現代AU 双聶「しばらくの間、泊めてくれない?」
可愛らしく小首を傾げて見せたその姿は、そこらの女子と遜色ない、と言っても過言ではない程少女めいていて、なるほど、思春期真っ盛りの男子学生であればワンチャンス何かを期待してしまいそうなほどであった。
かくいう江澄も男子学生には違いないのだが、そんな気が起きないのは、まず第一に江澄には付き合い始めたばかりの恋人がいて目の前の相手には全くそんな気持ちが湧き上がらない、ということ。
第二に、相手が江澄にとって数少ない友人の一人であること。
そして最後に、目の前でかわい子ぶった彼が猫の皮を被った猛獣である、という事実を知っていること。
「それで、一体何をやらかしたんだ?」
面倒そうな気配を感じつつも、追い出す、という選択肢を持たなかった江澄は、とりあえず家の中へと招き入れながら、そう尋ねた。
大きなキャリーケースと旅行鞄。それから通学時に使っているリュックと、一体どれだけ居座るつもりなんだ、という程の大荷物姿の同級生。聶懐桑。
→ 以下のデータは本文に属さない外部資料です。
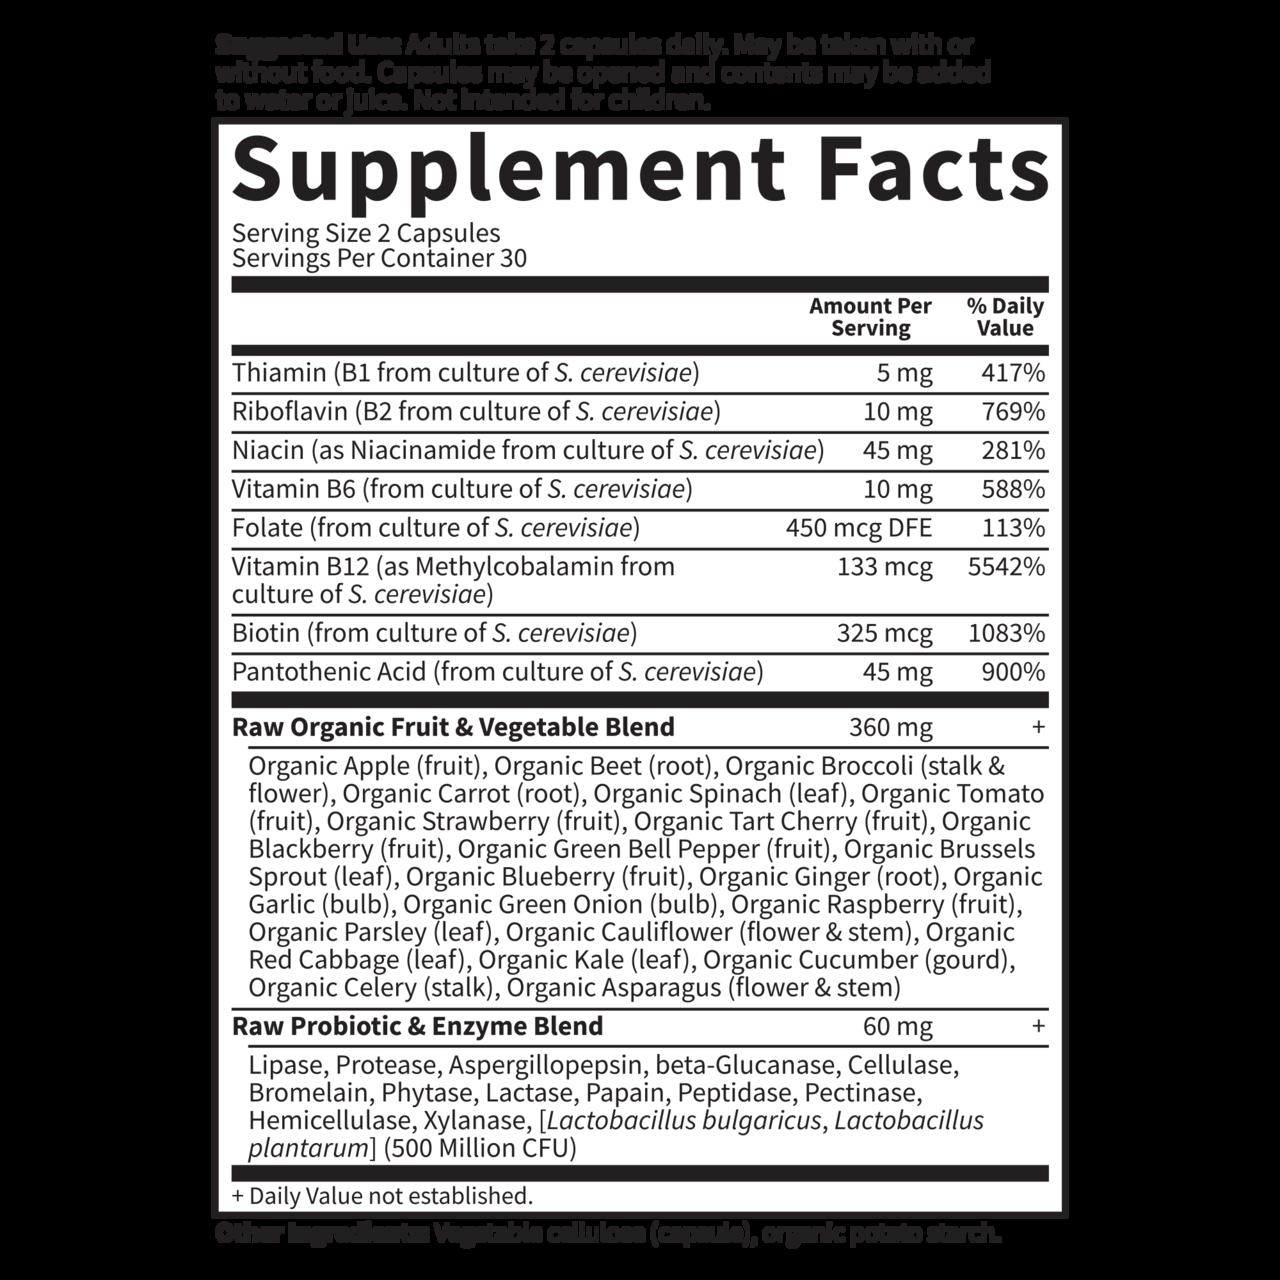 Garden of Life Raw B-Complex Supplement Facts
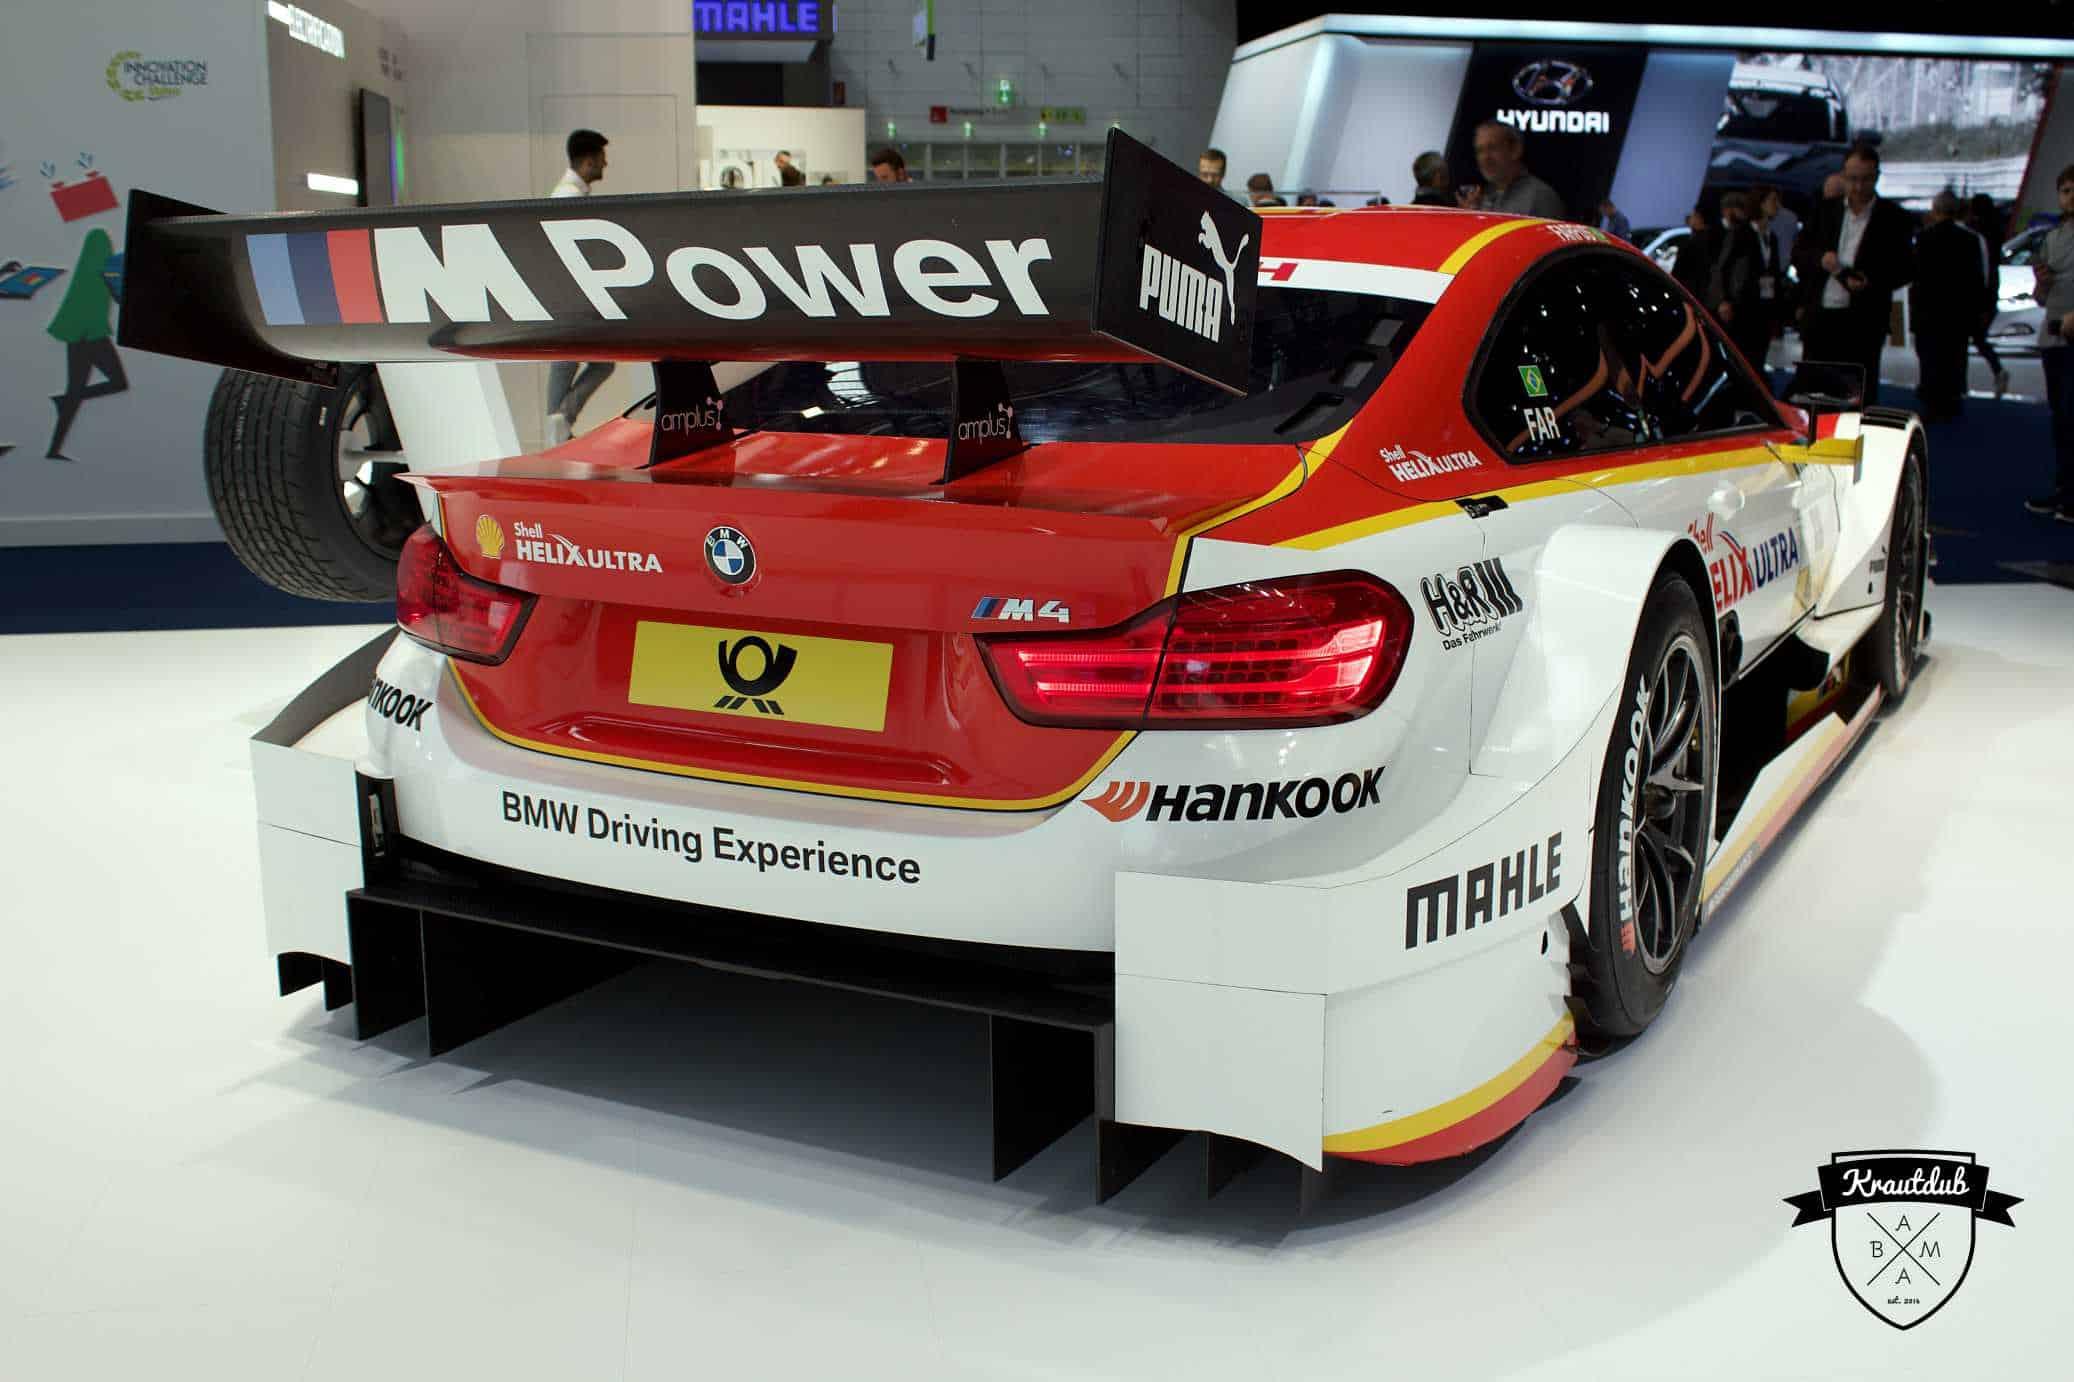 BMW Shell M4 DTM von Augusto Farfus - IAA 2017

彼は、えへへ、といった様子で困ったように笑った後、口を尖らせる。
「だって、大哥が……」
やはり、兄絡みか……、と内心溜息をつきながら、江澄はよろけそうになっている懐桑の荷物を持ってやる。
また兄弟喧嘩したのだろう。
懐桑が兄弟喧嘩するのは初めてではなく、その度に昼休憩や放課後、彼の愚痴に付き合わされてきたのだ。
帰りたくないと駄々を捏ねる懐桑を家に泊めたのも一度や二度ではない。
しかし、これだけの大荷物でやってきた、ということは、今までとは少し様子が違うようだ。
長期戦を覚悟しなければならないな、と江澄は今度は声にだして溜息をついたのだった。